It is important for all businesses, especially managed care companies,
to understand the laws against anticompetitive and unfair trade
practices and activities at the federal and state level and, to the extent
possible, protect against the expenses of regulatory investigations
at the federal and state levels and the costs associated with civil
litigation filed by the federal government, states, competitors,
members/beneficiaries and network and non-network providers.
The consolidation in the industry has been unprecedented in the
last 20 years and antitrust and similar lawsuits and investigations
are being brought by the Antitrust Division of the Department of
Justice, the Federal Trade Commission, state attorneys general and
private plaintiffs at an increasing rate, as well. These claims implicate
D&O coverage, E&O coverage, stand-alone regulatory coverage
as well as ERM programs and the decision making process behind
business decisions leading to the use of prohibited anti-competitive
practices, mergers and acquisitions. This drive towards consolidation
and potentially anti-competitive behavior is being fostered by
multiple factors, including economics and finance, normal business
cycles and the pressures and predilections of the ACA and the
mass regulations promulgated under the ACA. Christopher Pope
wrote on behalf of the Heritage Foundation in August 2014 (“How
the Affordable Care Act Fuels Health Care Market Consolidation”)
that “the growth of monopoly power among health care providers
3 Health Trek August 2016
bears much responsibility for driving up the cost of health care
over recent years.
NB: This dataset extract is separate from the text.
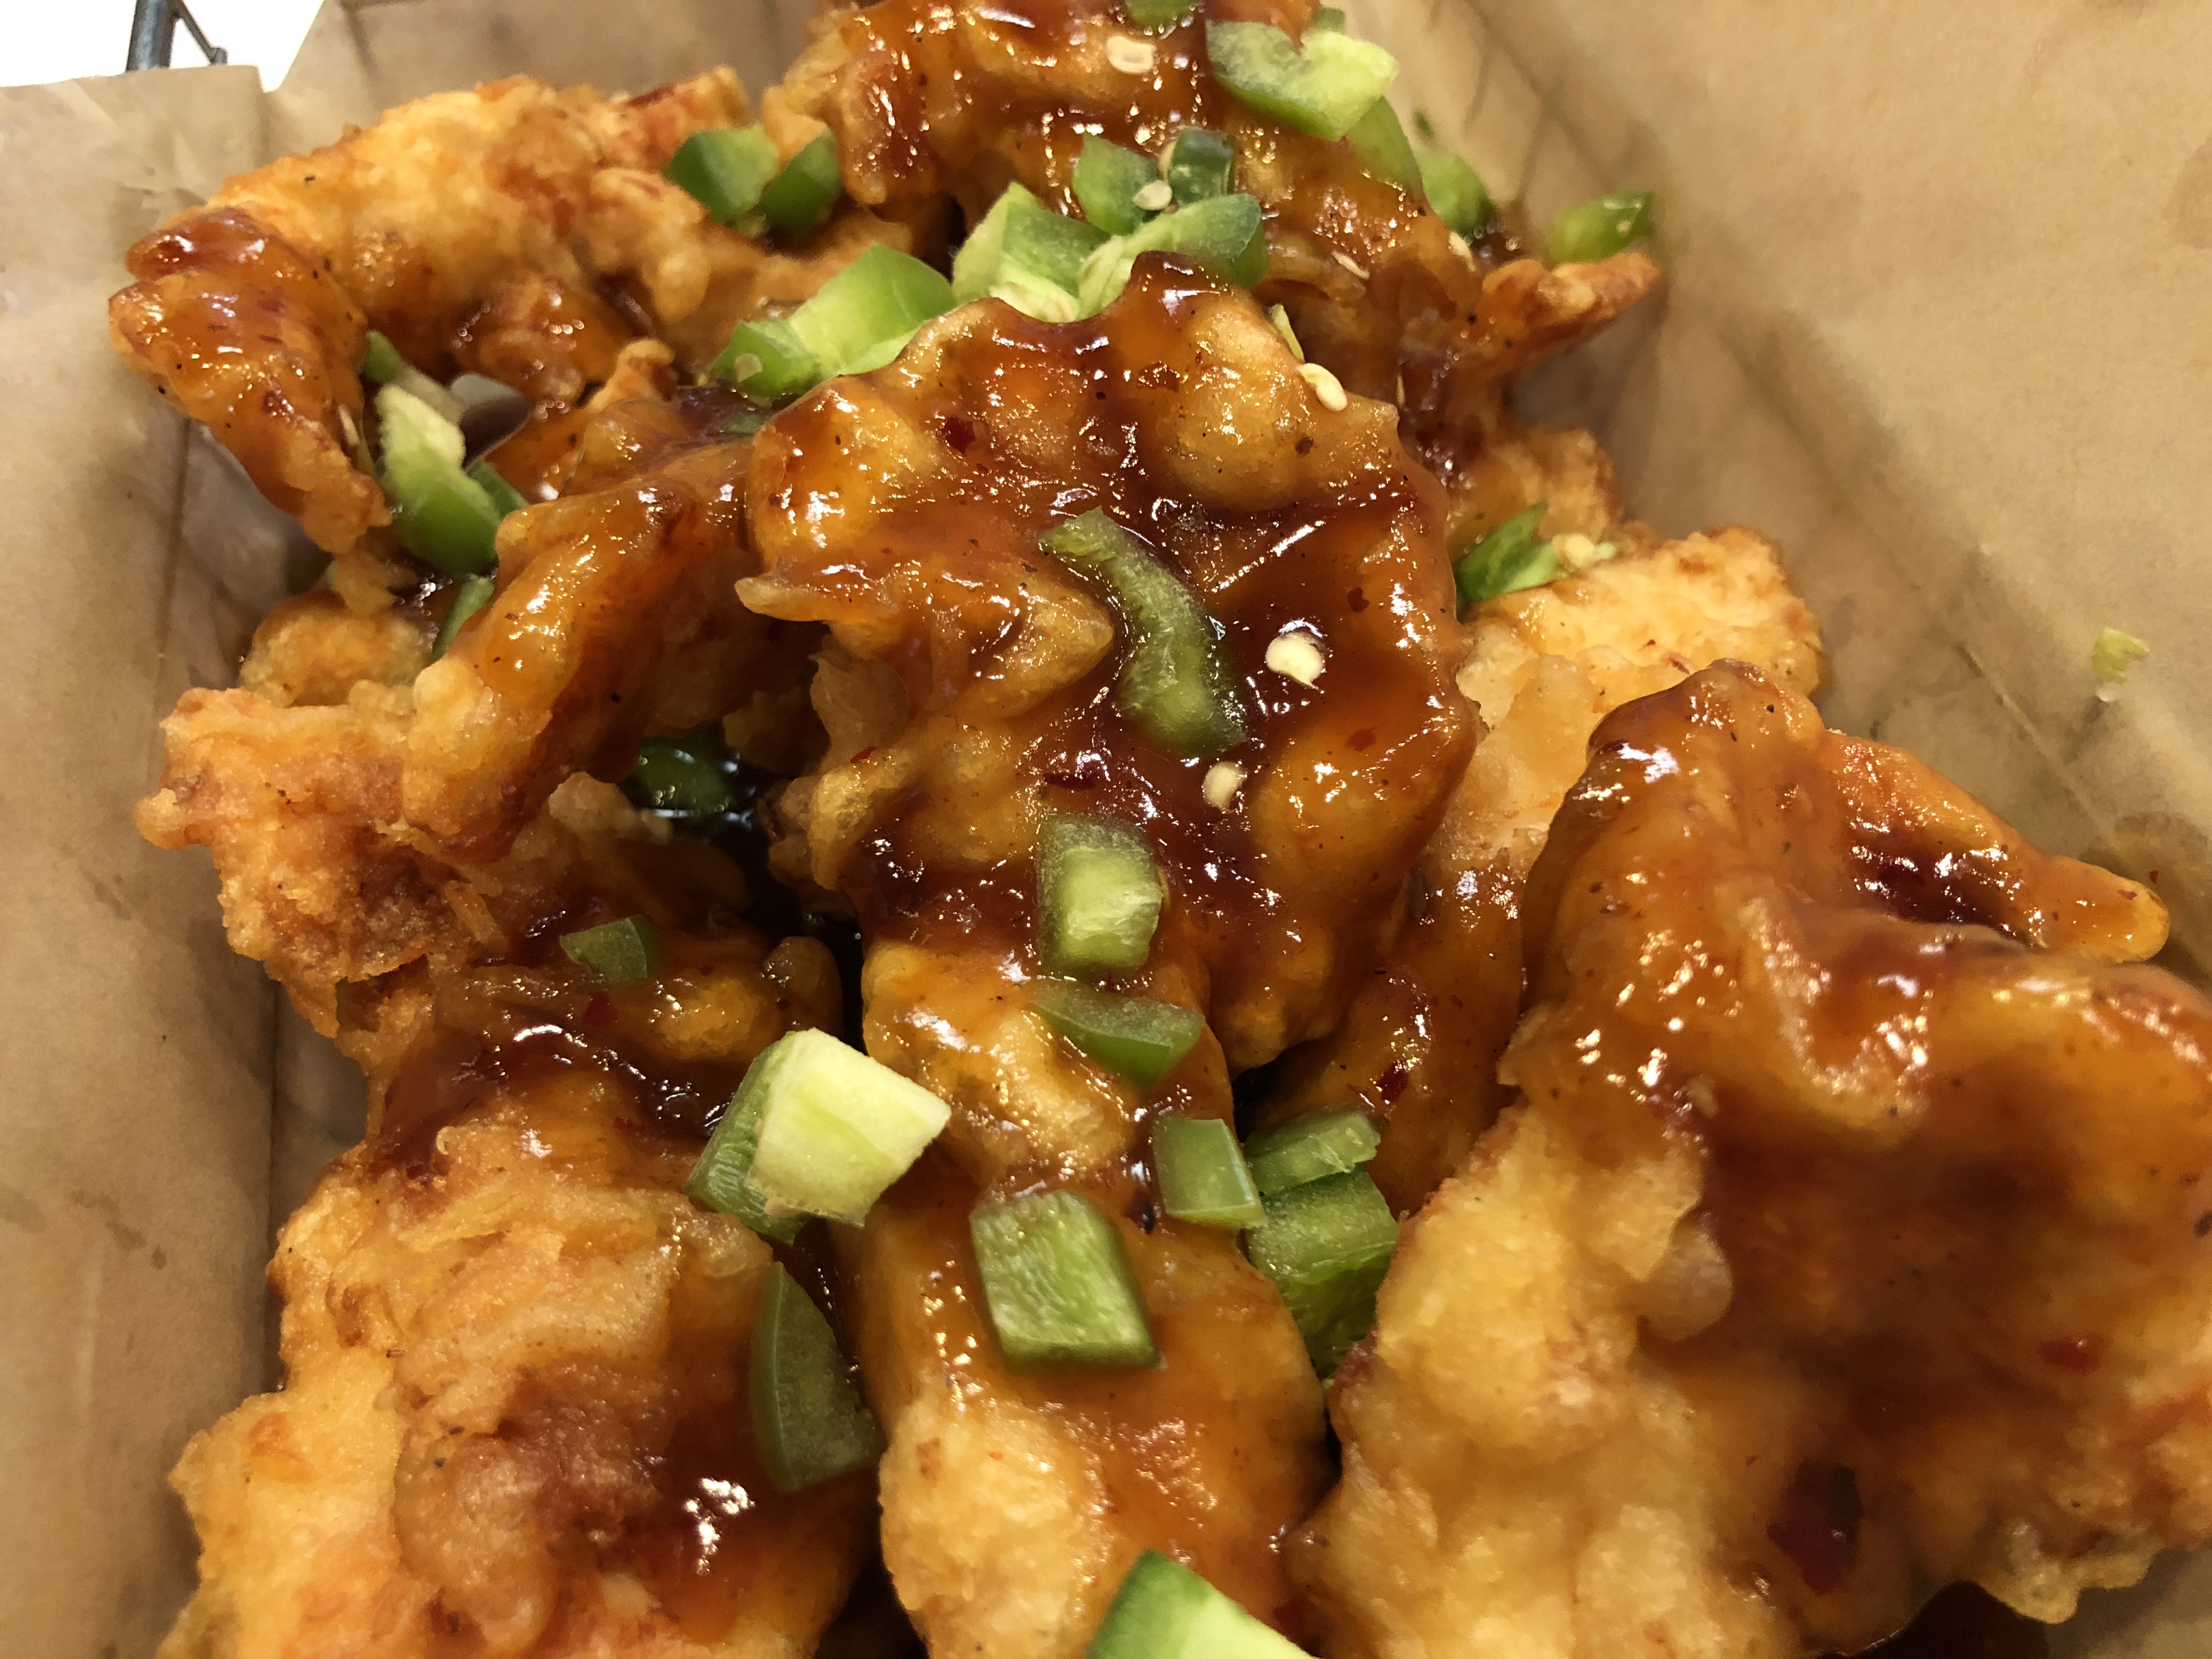 ChanChan Chicken Tenders - Small - From Chan Chan Food House in Irvine

By mandating that general hospitals provide
uncompensated care, state and federal legislators have given them
cause to insist on regulations and discriminatory subsidies to protect
them from cheaper competitors. Instead of freeing these markets
to allow the provision of care by the most efficient organizations,
the ACA endorses these anti-competitive arrangements. It extends
the premium paid for treatment in general hospitals, employs the
purchasing power of the Medicare program to encourage the
consolidation of medical practices, and reforms insurance law to
eliminate many of the margins for competition between carriers.”
Barak Richman, a professor of Law and Business at Duke University,
in an American Enterprise Institute project, Concentration in Health
Care Markets: Chronic Problems and Better Solutions, stated:
“Health care providers with market power enjoy substantially more
pricing freedom than monopolists in other markets, for a reason not
generally recognized: U.S.-style health insurance. Consequently,
monopolies in health care cause undesirable redistribution of
wealth and inefficient allocation of resources, both of which burden
consumers at levels beyond those of other monopolists.” Dr. Richman
stated that the pressure to consolidate in the provider industry was
multiplied by the ACA and its regulations; in effect, creating barriers
to competition, the opposite of its stated intention. Richman wrote
that the ACA does little to address the monopoly problem and may
even worsen it and that the highly regulated and heavily subsidized
system has triggered a mad scramble in the health industry (insurers,
pharmaceutical manufacturers, physician practice groups, device
makers, hospitals) to grab a larger market.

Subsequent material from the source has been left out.